MATERIAL PROVIDED Start Marker

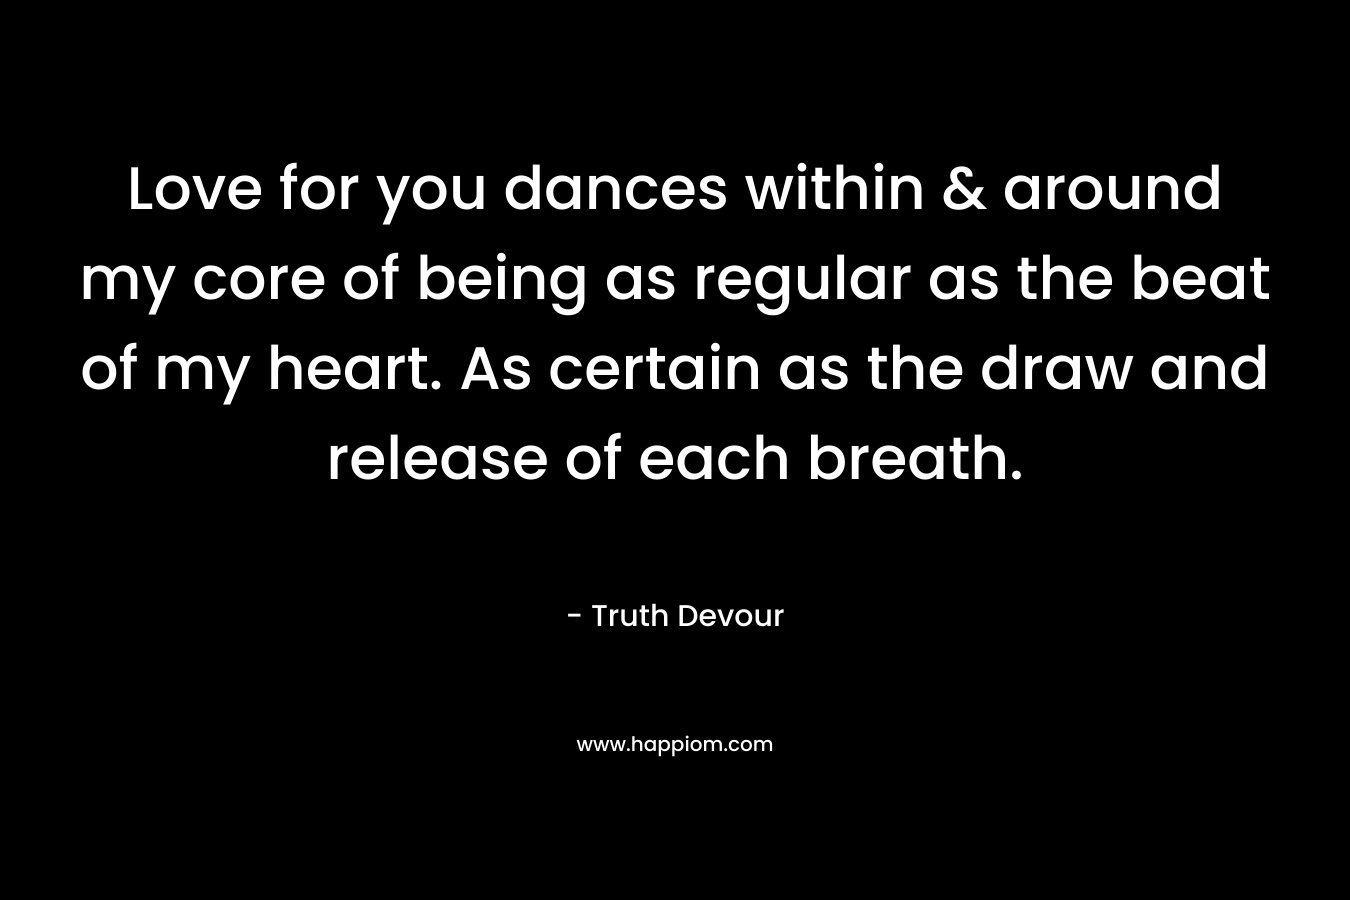 Love for you dances within & around my core of being as regular as the beat of my heart. As certain as the draw and release of each breath. – Truth Devour
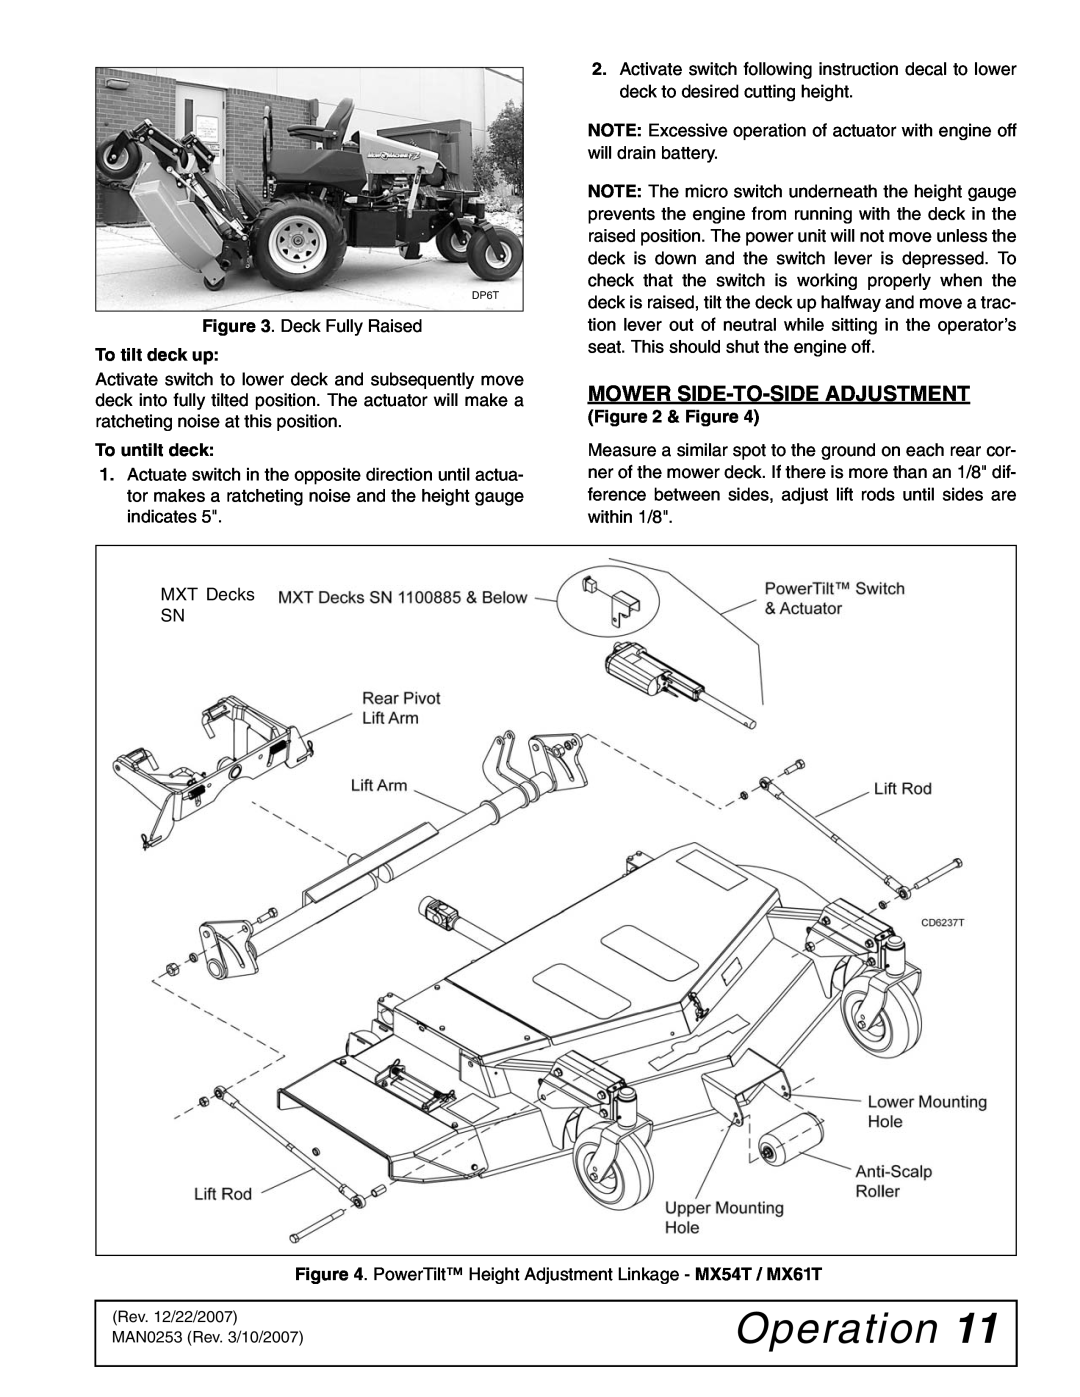 Woods Equipment MX54T, MX61T manual Mower Side-To-Side Adjustment, Operation 
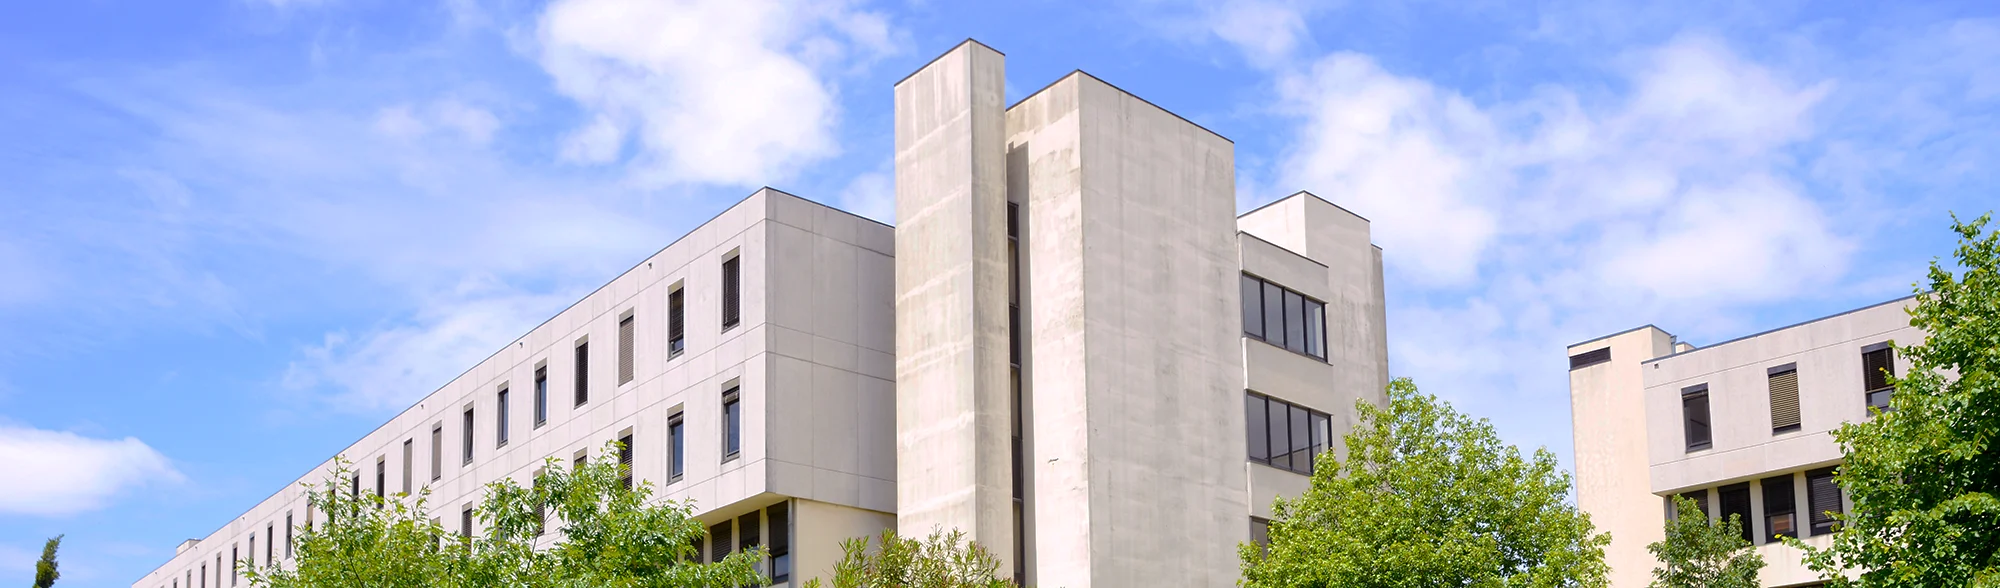 external view of the building of the Faculty of Sciences of the University of Porto

MATERIAL PROVIDED End Marker

» **YOUR ASSIGNMENT**: With the pictures left out, output exactly the lines from the one with "Woods Equipment MX54T, MX61T" through the end of the listing above, both ends included.

» **REPLY TO THE EXERCISE**:
 Woods Equipment MX54T, MX61T manual Mower Side-To-Side Adjustment, Operation 
 external view of the building of the Faculty of Sciences of the University of Porto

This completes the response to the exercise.